• _TASK BRIEF_
Write the listing out again word for word. Pictures do not belong in the copy.

• _DATA SEGMENT_
----------

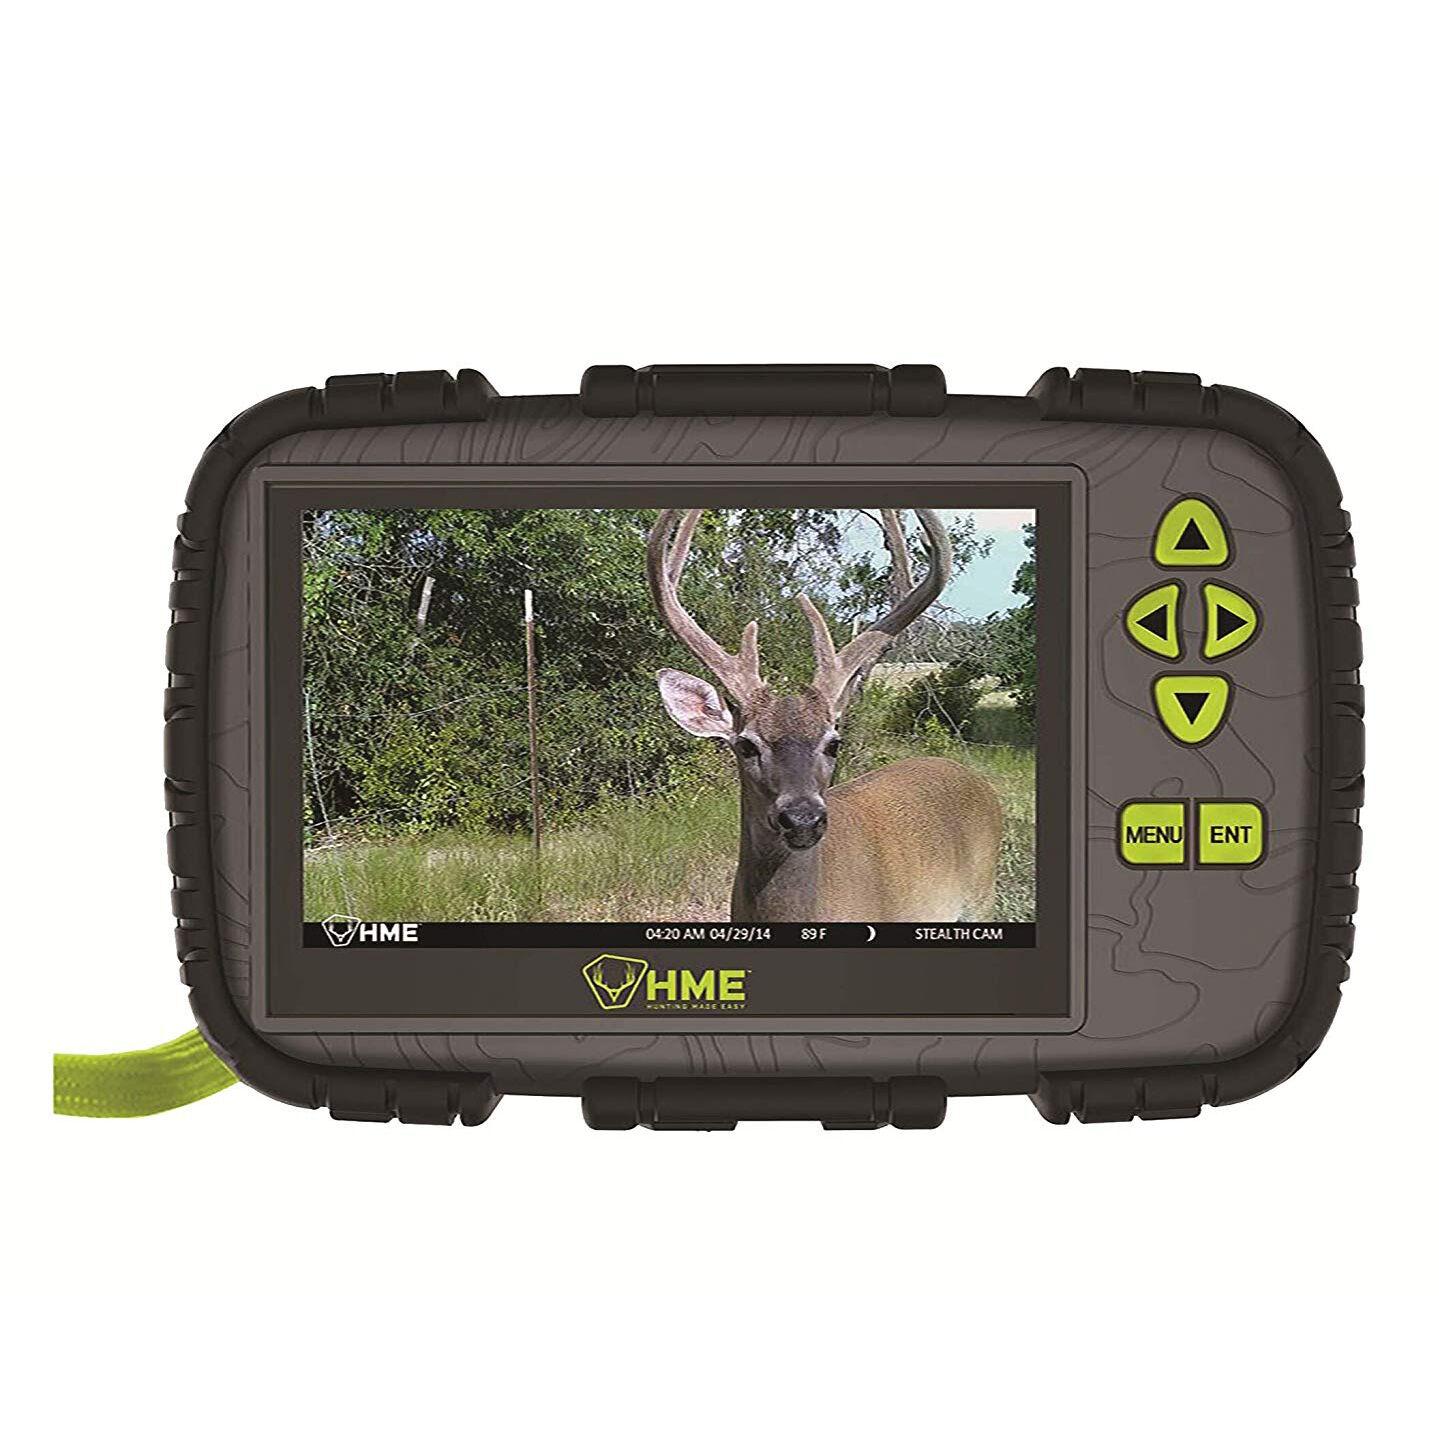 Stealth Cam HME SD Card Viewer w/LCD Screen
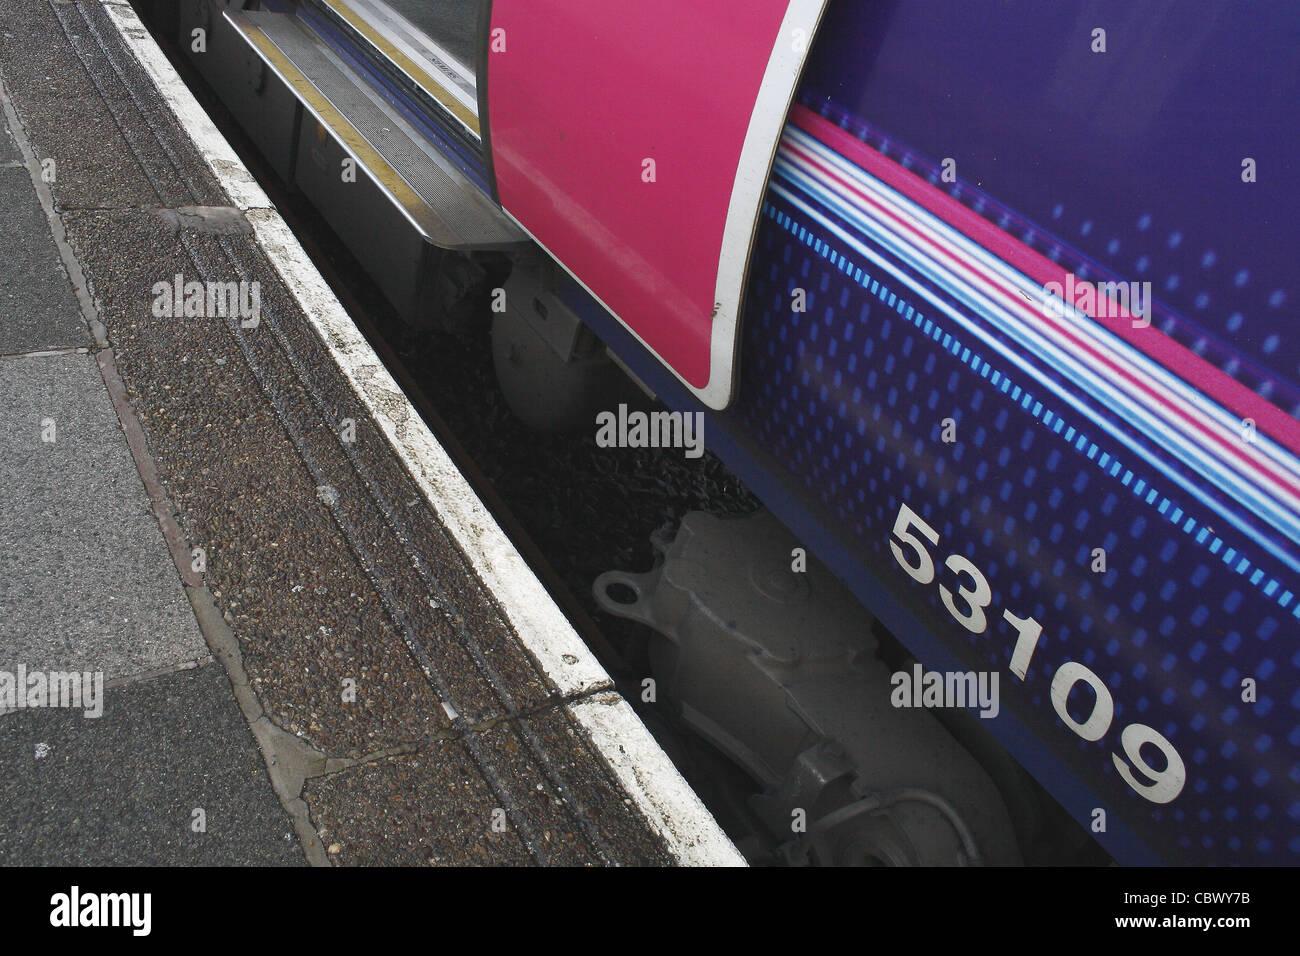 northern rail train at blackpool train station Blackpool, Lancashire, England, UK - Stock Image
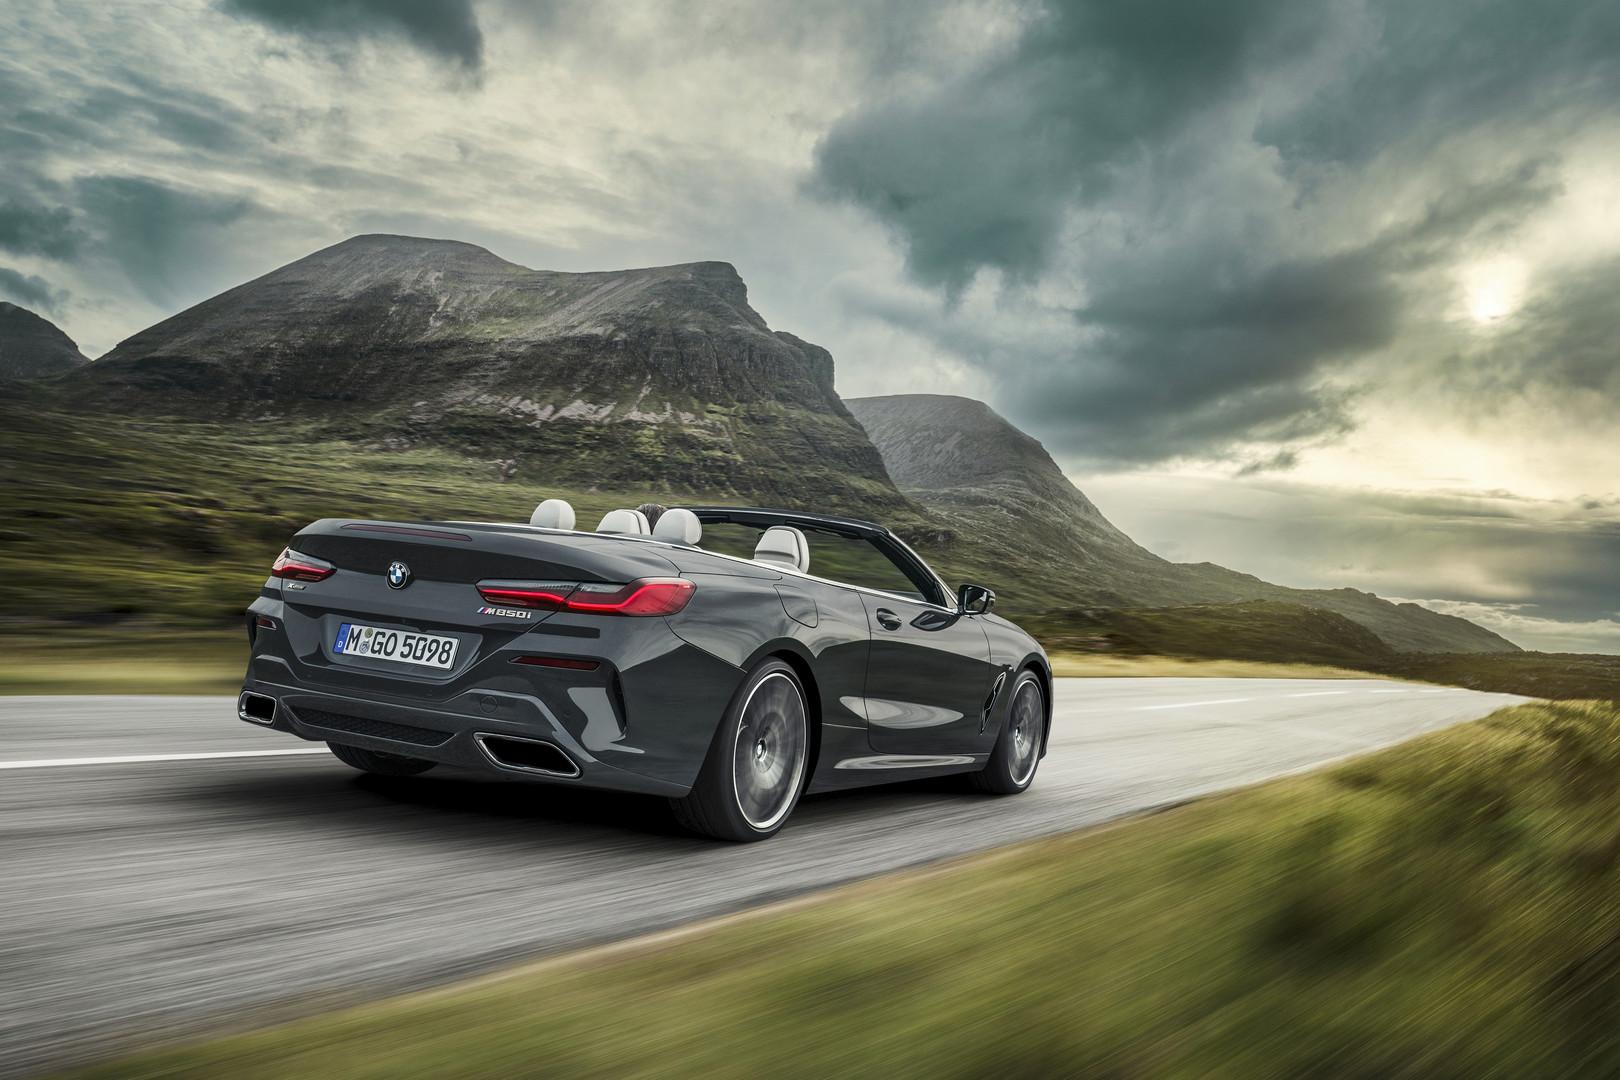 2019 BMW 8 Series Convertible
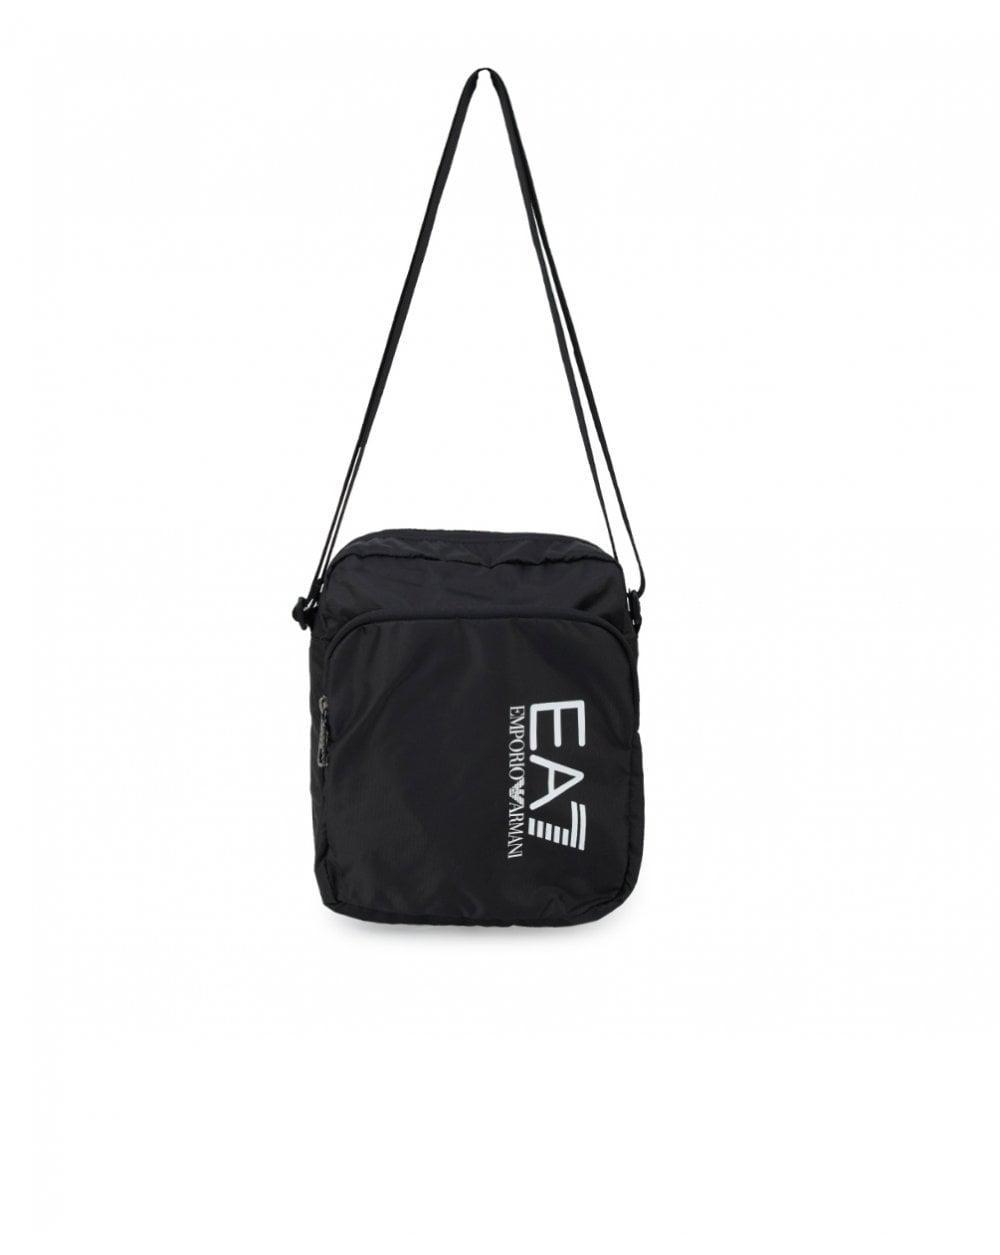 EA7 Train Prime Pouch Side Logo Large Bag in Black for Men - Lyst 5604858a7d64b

----------

• _OUTPUT_
 Stealth Cam HME SD Card Viewer w/LCD Screen
 northern rail train at blackpool train station Blackpool, Lancashire, England, UK - Stock Image
 2019 BMW 8 Series Convertible
 EA7 Train Prime Pouch Side Logo Large Bag in Black for Men - Lyst 5604858a7d64b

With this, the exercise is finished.